I love mixing Walnut with lighter wood... That is an awesome piece.


----------



## jlhaslip (Jan 16, 2010)

Terrific work. That will be a 'keeper'.
Love the contrasting woods.


----------



## woodman42 (Aug 6, 2007)

Sweet! Great looking dresser.


----------



## CDN_Maple (Dec 19, 2009)

Nice work!! That is something that will last a lifetime.


----------



## greg4269ub (Sep 1, 2009)

wow that is awesome!! i also like the contrasting wood colors. wish i had my shop back when the kids were on the way. congrats on the baby boy hope he brings you and your family lots of joy and happiness.


----------



## Julian the woodnut (Nov 5, 2008)

Thank you for the kind words. I am excited to have a son on the way! At least now I have some more time to decide what the bed frame should look like since I already have a crib.


----------



## Streamwinner (Nov 25, 2008)

Beautiful piece. Wishing a safe and healthy delivery.


----------



## wiseachoo (Jan 4, 2010)

Beautiful piece. How much did all that lumber end up costing? I see you said it was locally harvested, but I wasn't sure whether that meant you harvested it yourself and dried it or whether you bought the wood locally. I presume you chose pine for the interior since it is both functional and more affordable? I'm trying to further my understanding of when to use which types of wood for my projects. Did you use glued up pine for the drawer bottoms as well or was that a ply of some kind?


----------



## Julian the woodnut (Nov 5, 2008)

I don't know exactly what I paid for the lumber because I just buy it whenever there's a deal, usually from craigslist or local word of mouth. I used pine for the drawer boxes because I had some nice clear old growth 2x12's that I scored for a great price, then resawed it on the bandsaw. For the drawer bottoms I chose to use 1/4" birch ply, which is also what I used on the back.


----------



## ClarkMcGill (Aug 20, 2009)

Wow!!! What a great look!!! Your son will have that for his entire life!!! This will be a fantastic heirloom!


----------



## frankp (Oct 29, 2007)

Julian, I originally missed this thread but you linked to it in another one of your posts and I must comment. This is a great looking piece! My daughter and I have been talking about building her college furniture (she's in high school now) and I plan on showing her this piece to see if she likes the style. Kudos on the local woods, by the way. It's so much better that way, no matter how much I like the exotics.


----------



## egeorge1 (Dec 18, 2009)

Beautiful work! And congrats on the new addition to the family...


----------



## wooddude9 (Sep 6, 2008)

Now that is what I call mixing it up with a little glue


----------



## kjhart0133 (Feb 4, 2009)

Julian (or anybody out there),

Hinges. Can you tell me where you got those hinges. I have a similar door planned for a project just getting under way and my door will be mounted like the one you show. Those hinges are just what I will be needing. Any special tool(s) needed?

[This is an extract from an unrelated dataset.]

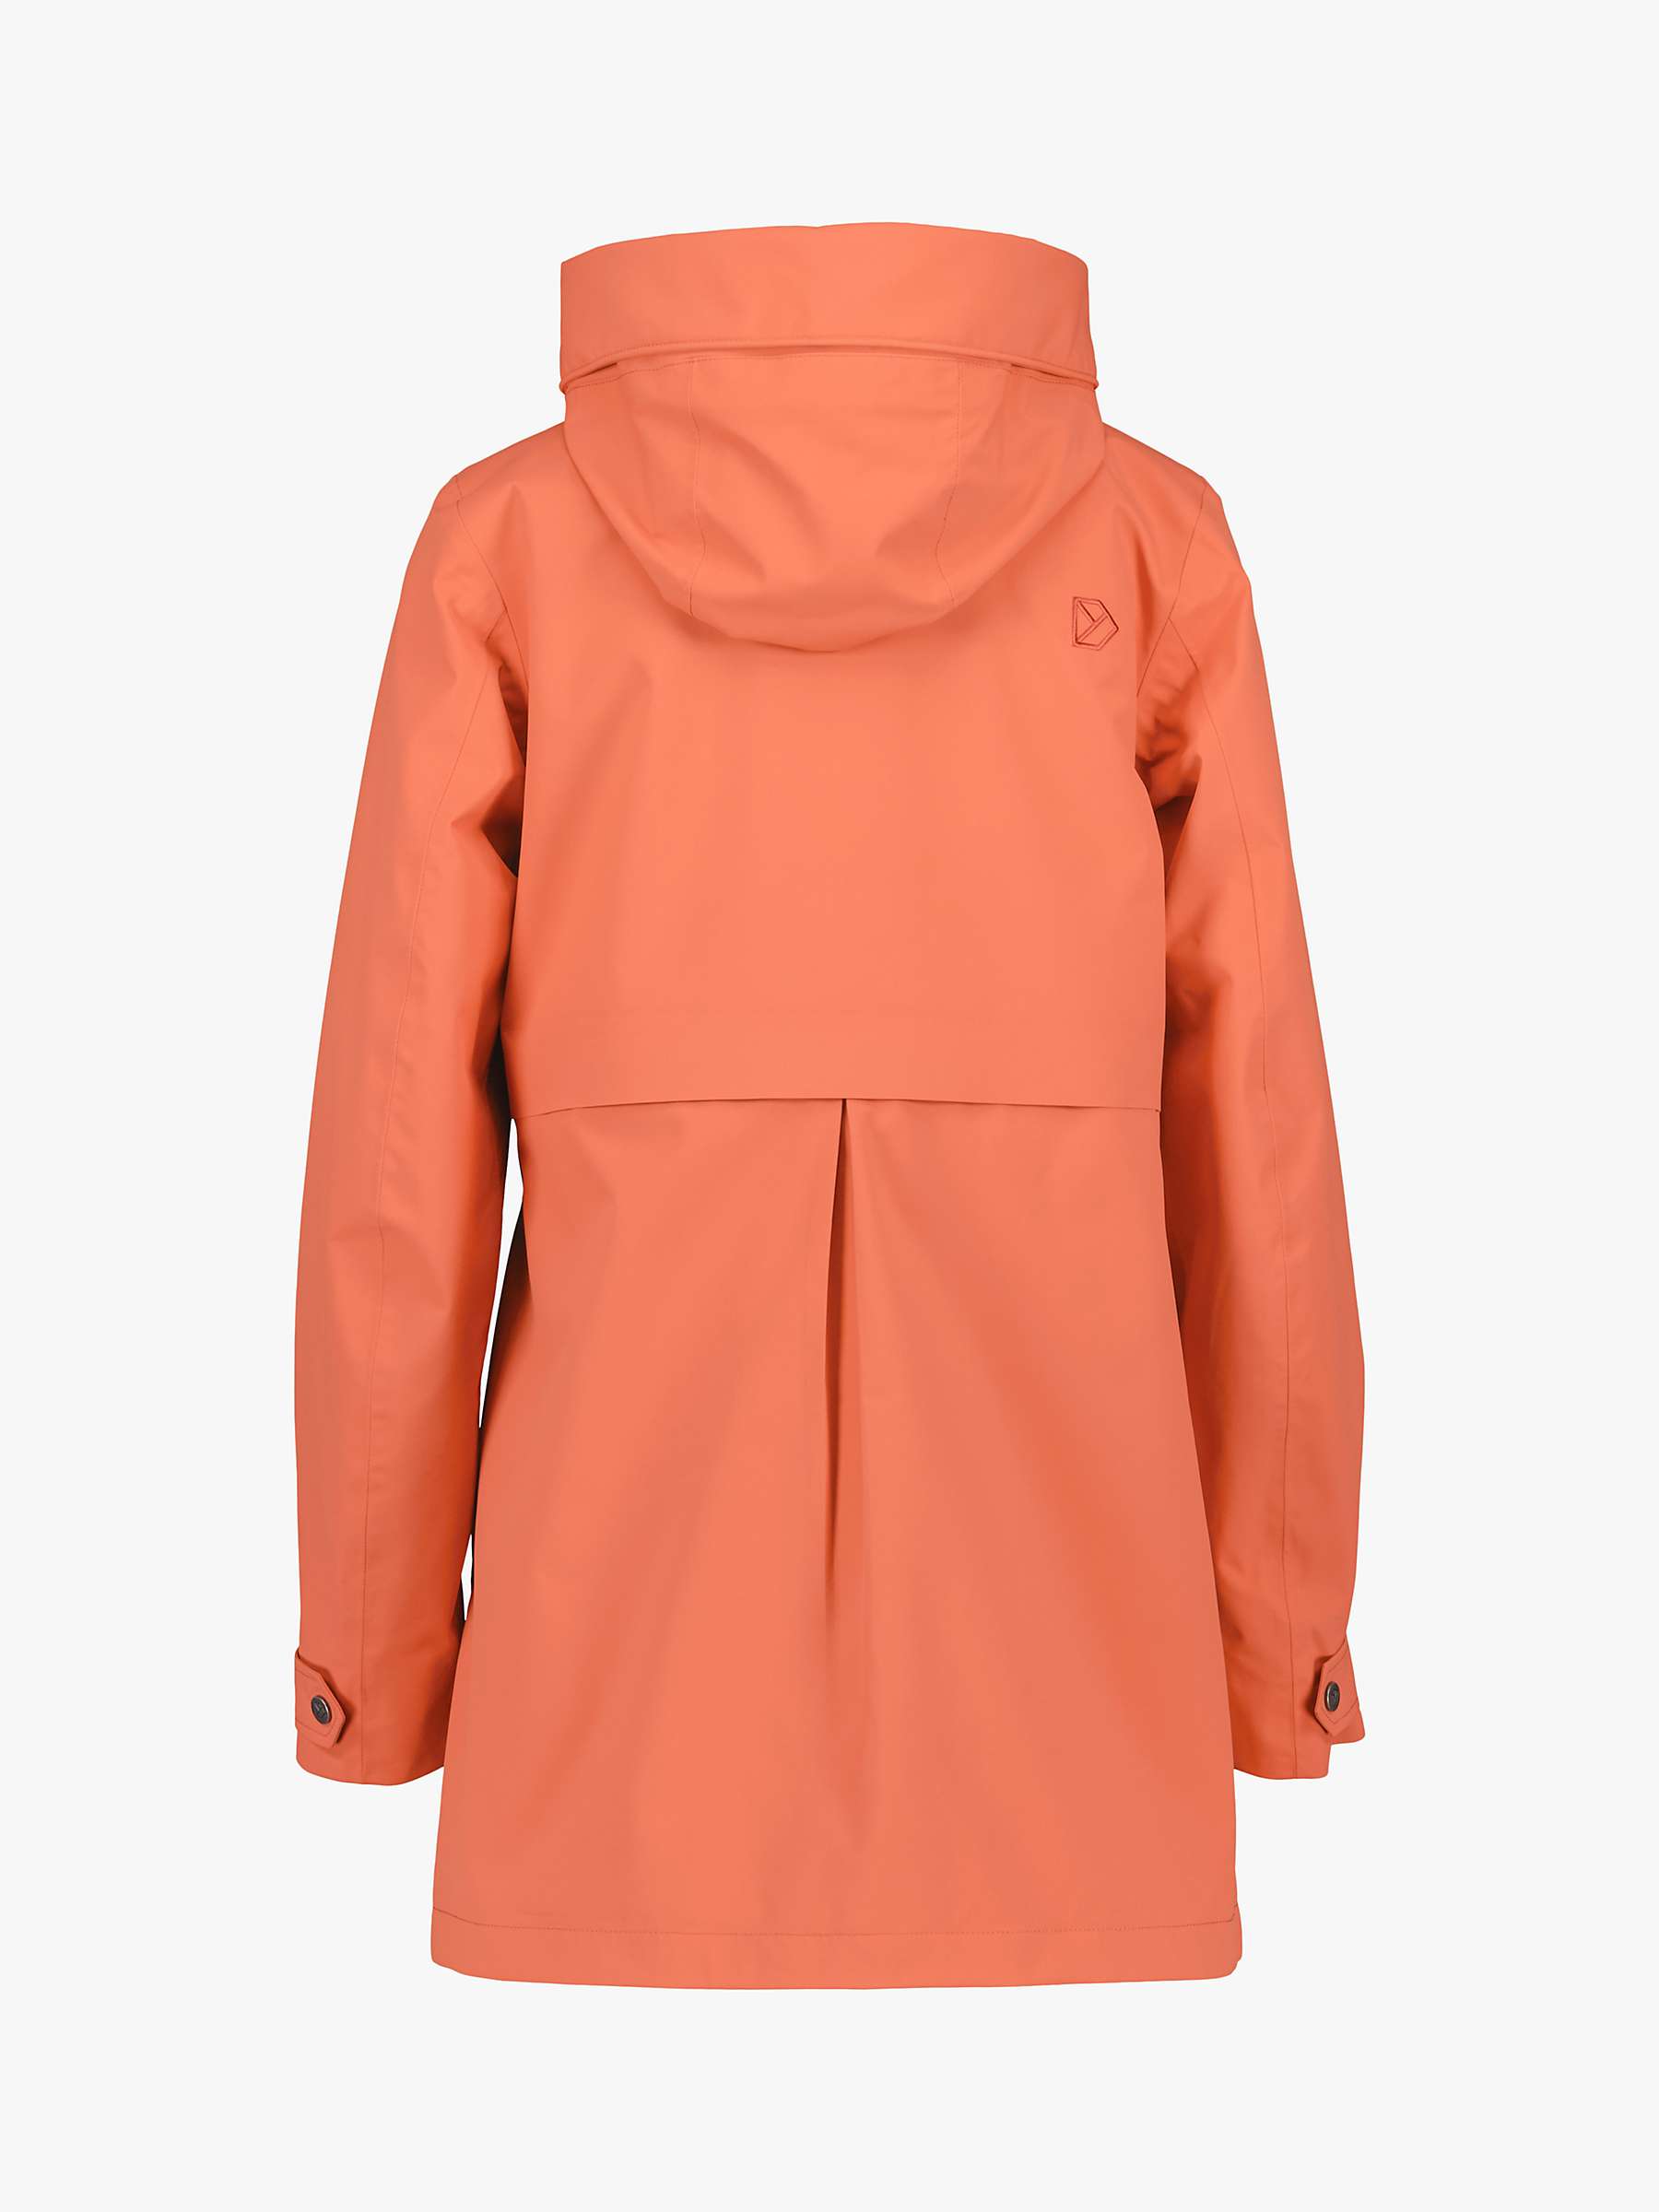 Buy Didriksons Edith Waterproof Parka, Brique Red Online at johnlewis.com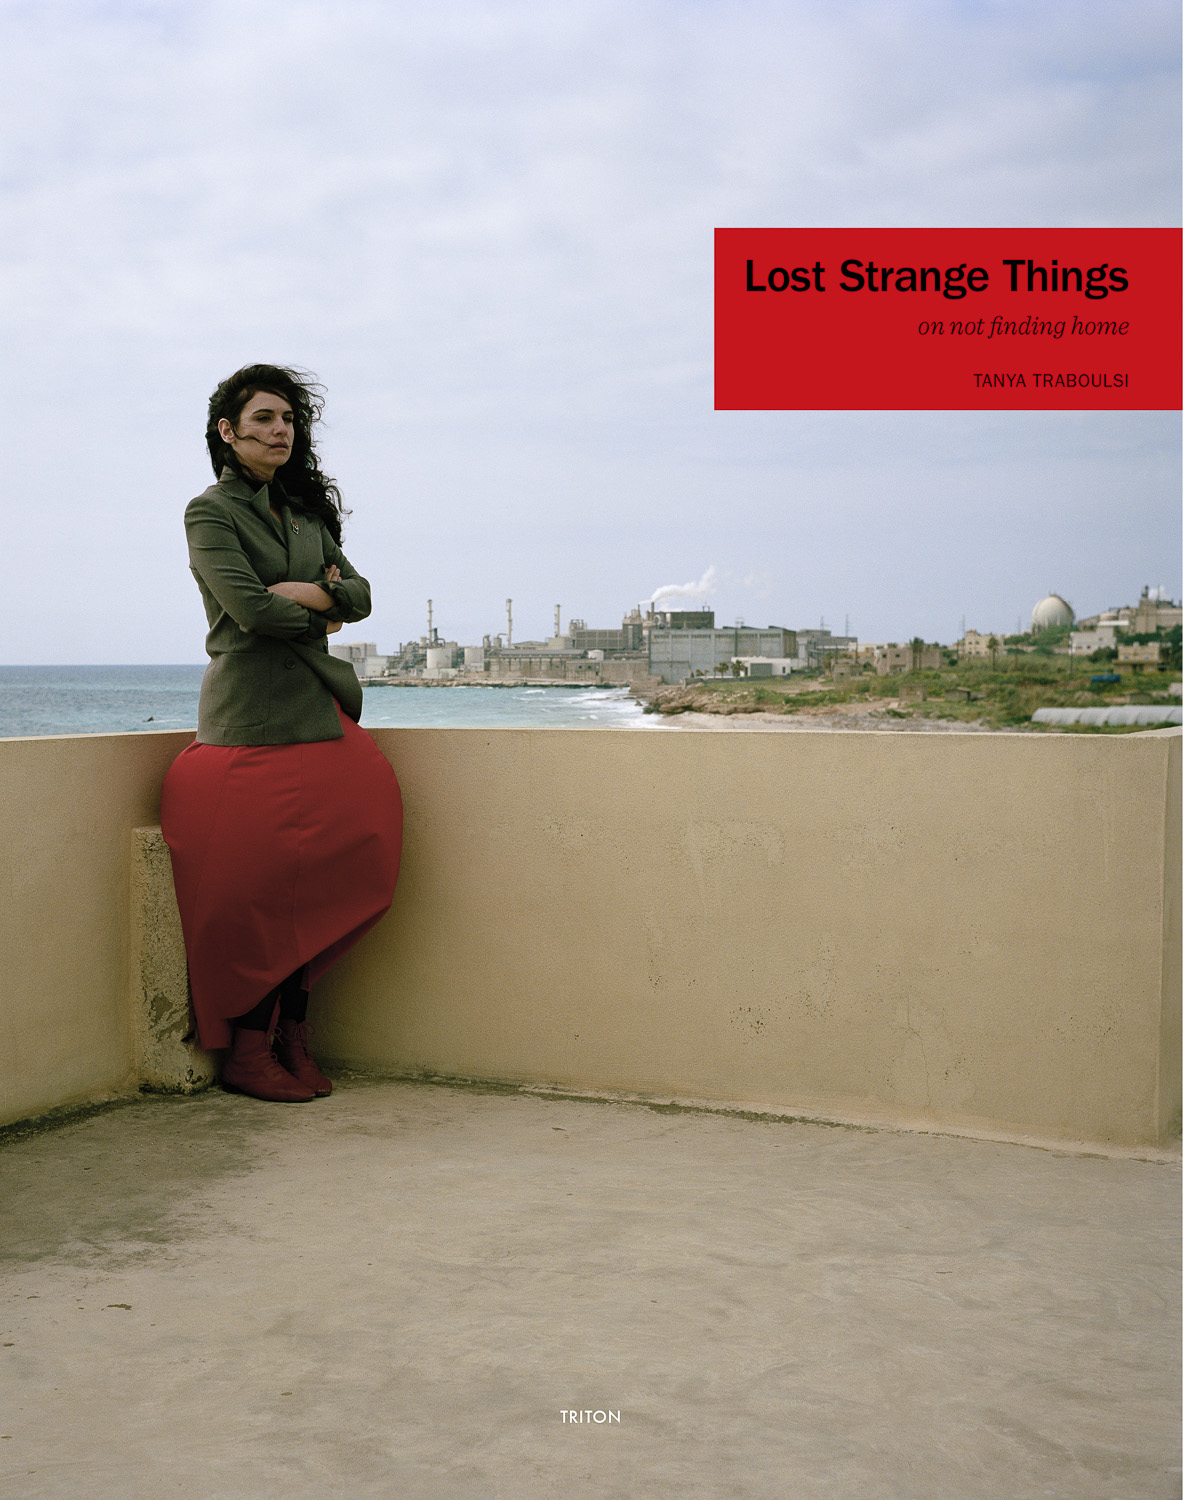   Lost Strange Things: On not finding home  Book   Lost Strange Things: On not finding home  is a monograph with images from the photographic series of the same title.&nbsp;The book assembles 116 photographs, many family photos and documents culled f

And by the way, that's a beautiful piece of furniture.

Kevin H.


----------



## Streamwinner (Nov 25, 2008)

kjhart0133 said:


> Julian (or anybody out there),
> 
> Hinges. Can you tell me where you got those hinges. I have a similar door planned for a project just getting under way and my door will be mounted like the one you show. Those hinges are just what I will be needing. Any special tool(s) needed?
> 
> ...



http://hardwaresource.com/

Good source for all types of hinges.

I'm still amazed each time I see that dresser. What a fantastic looking piece.


----------



## Julian the woodnut (Nov 5, 2008)

I actually bought the hinges at home depot. I figure that if they don't end up lasting I can always get a better set online. Now I just need to figure out what to do for the rest of the furniture in his room.


----------